Its object store RADOS is responsible for many Ceph problems. In order to recognize what is wrong, one can use the supplied tools sensibly.
Ceph has long established itself as a scalable storage solution for dynamic environments. What once began as a crazy idea in Sage Weil’s head now naturally competes in tenders against classic storage offers from the competition – and regularly comes out on top. In most cases, the “single point of administration” tips the scales: At some point, all conventional memory is full and can no longer be expanded, but a Ceph cluster scales almost infinitely. At the same time, Ceph enjoys the reputation of being extremely stable: Many administrators are almost surprised because a Ceph cluster, once installed, does not cause them any trouble for years. If something does go wrong, however, the panic is great.
But even disaster-experienced Ceph admins regularly face defective clusters like the proverbial ox in front of a mountain. On the one hand, Ceph has changed very significantly in some areas over the past few years. On the other hand, many training courses available on the market place little emphasis on debugging. Especially since complex error scenarios can hardly be recreated in the artificial environment of a training course – after all, a multi-petabyte Ceph cluster is not available for every course.

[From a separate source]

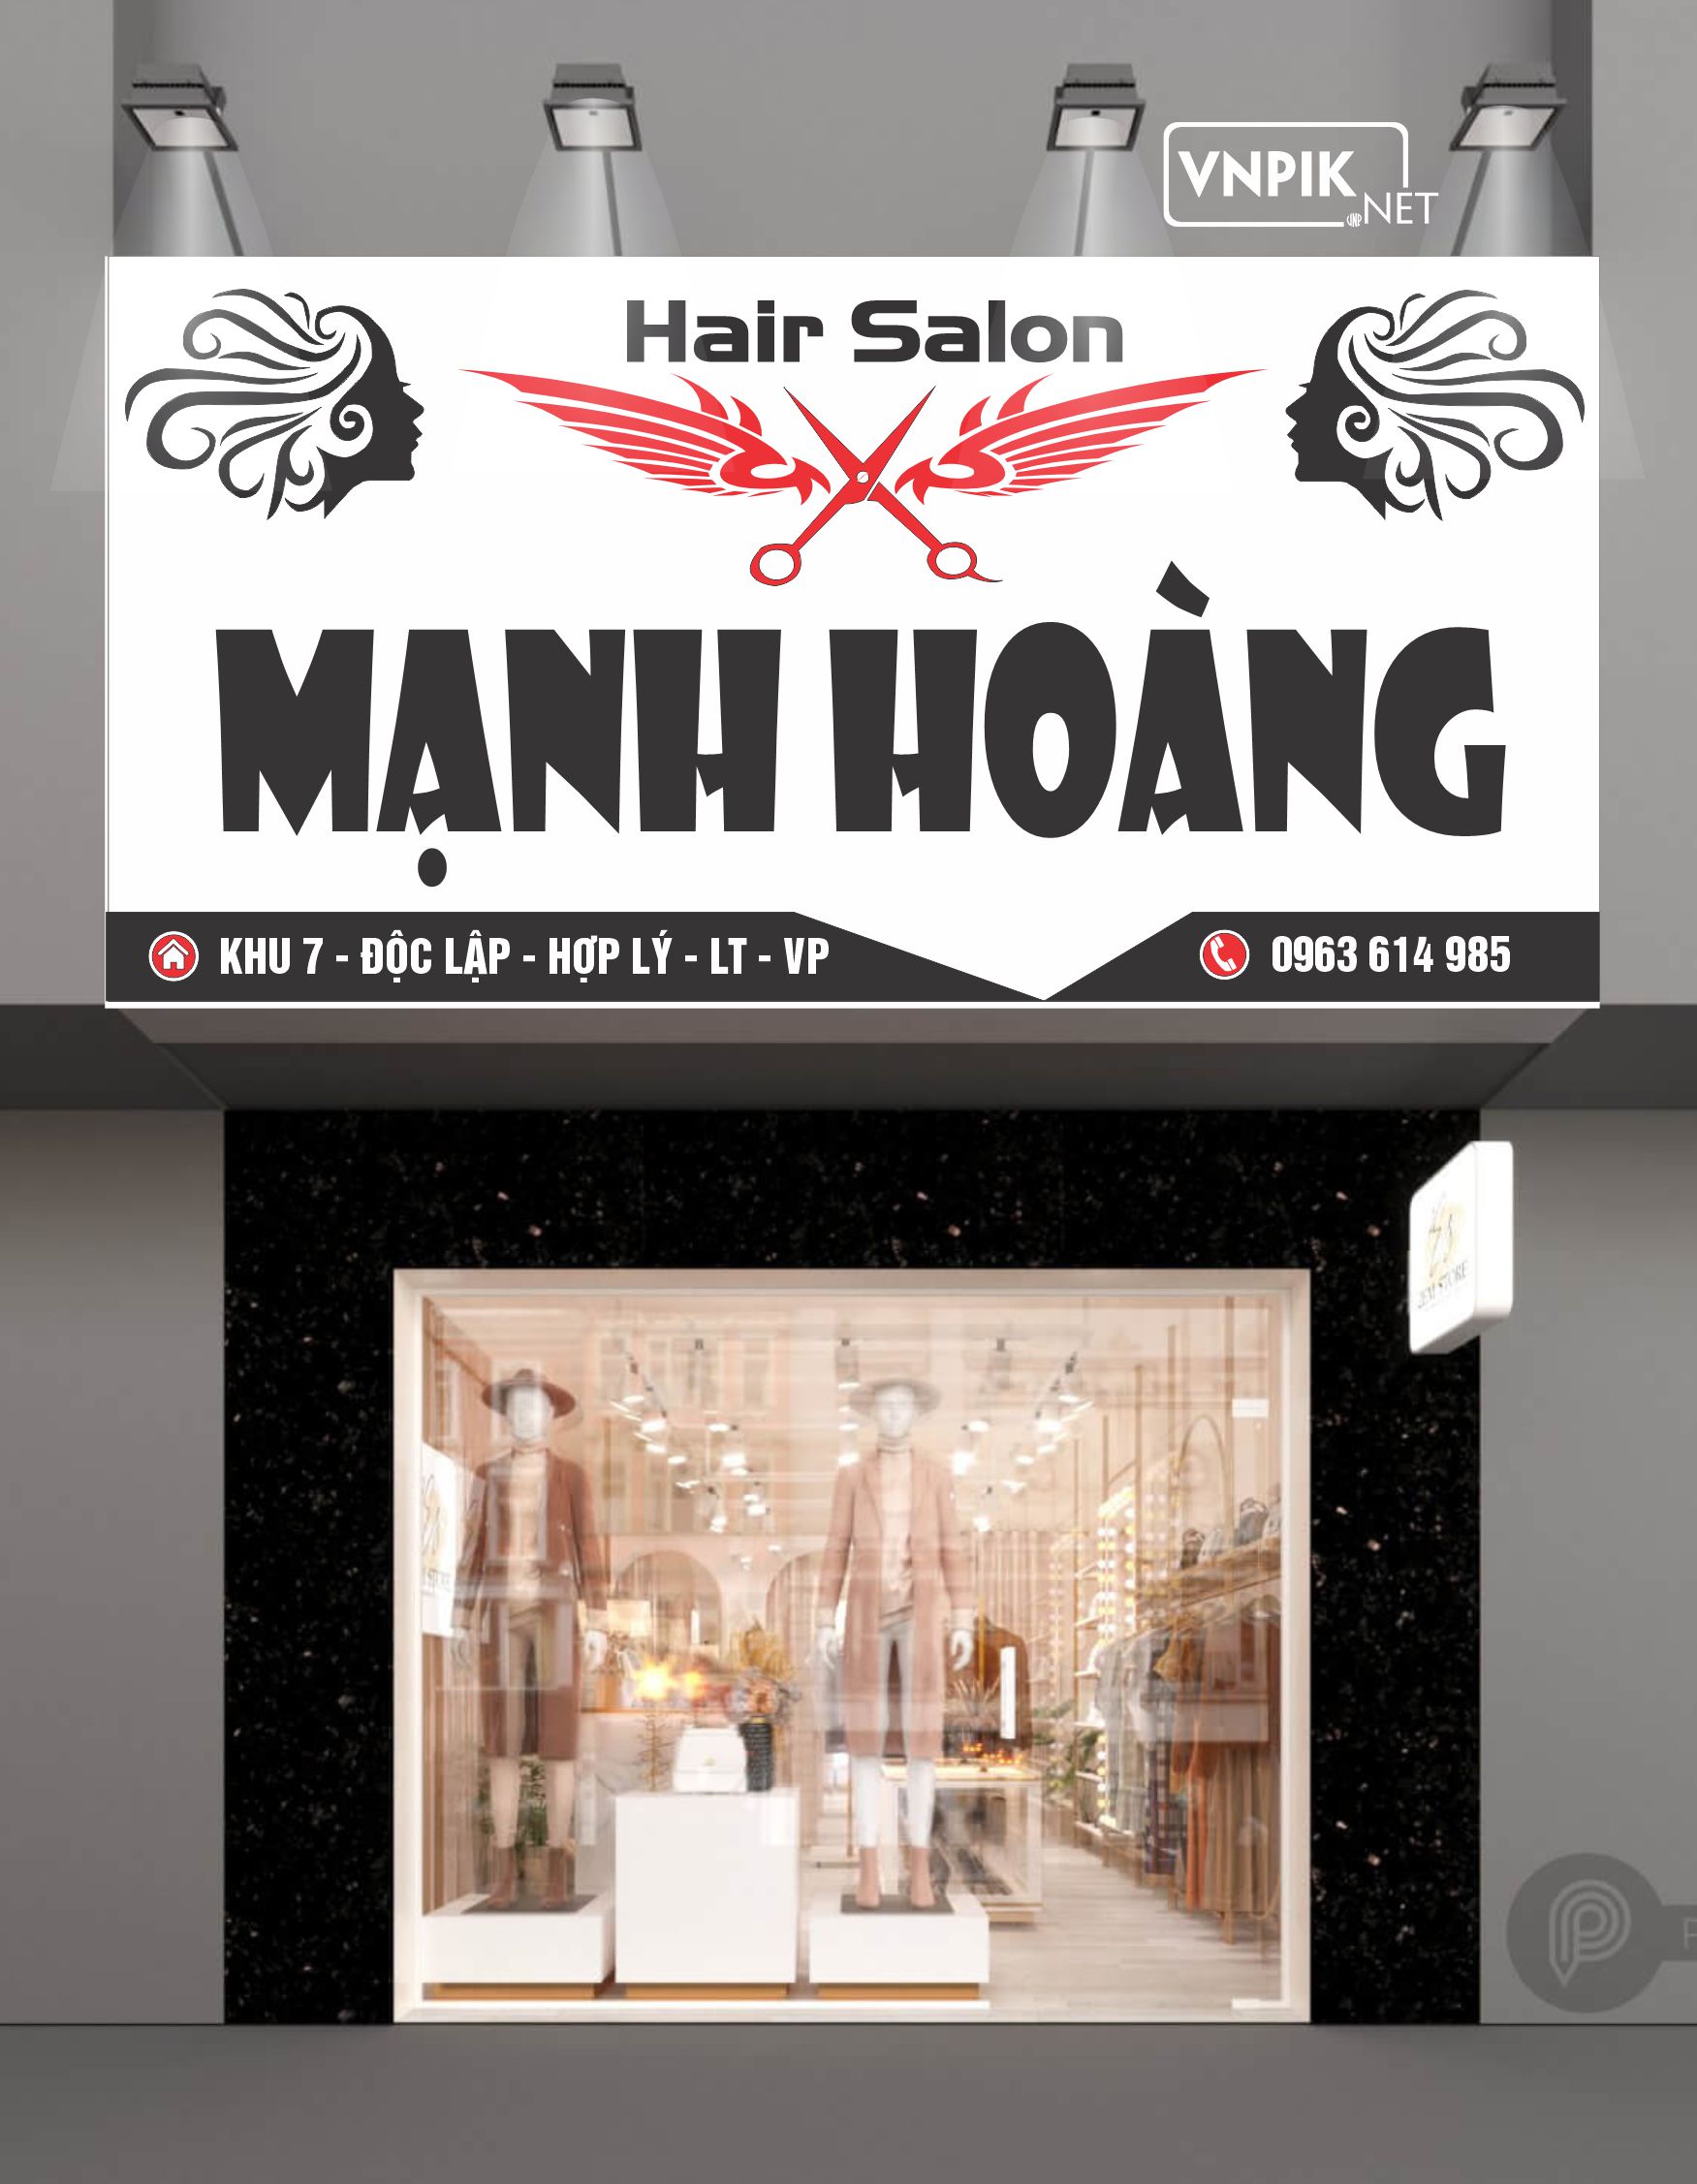 Mẫu bảng biển quảng cáo mạnh hoàng Hair Salon

The good news: The necessary basic knowledge for confidently dealing with errors in Ceph is not as extensive as it appears. A few command line tools and the ability to correctly interpret their output are important. In combination with some basic knowledge about RADOS, the causes of most problems can be quickly identified and eliminated – or at least temporarily circumvented until a permanent solution can be implemented. This article reveals the basic details and serves as an aid for admins in an emergency: What to do if Ceph is on fire?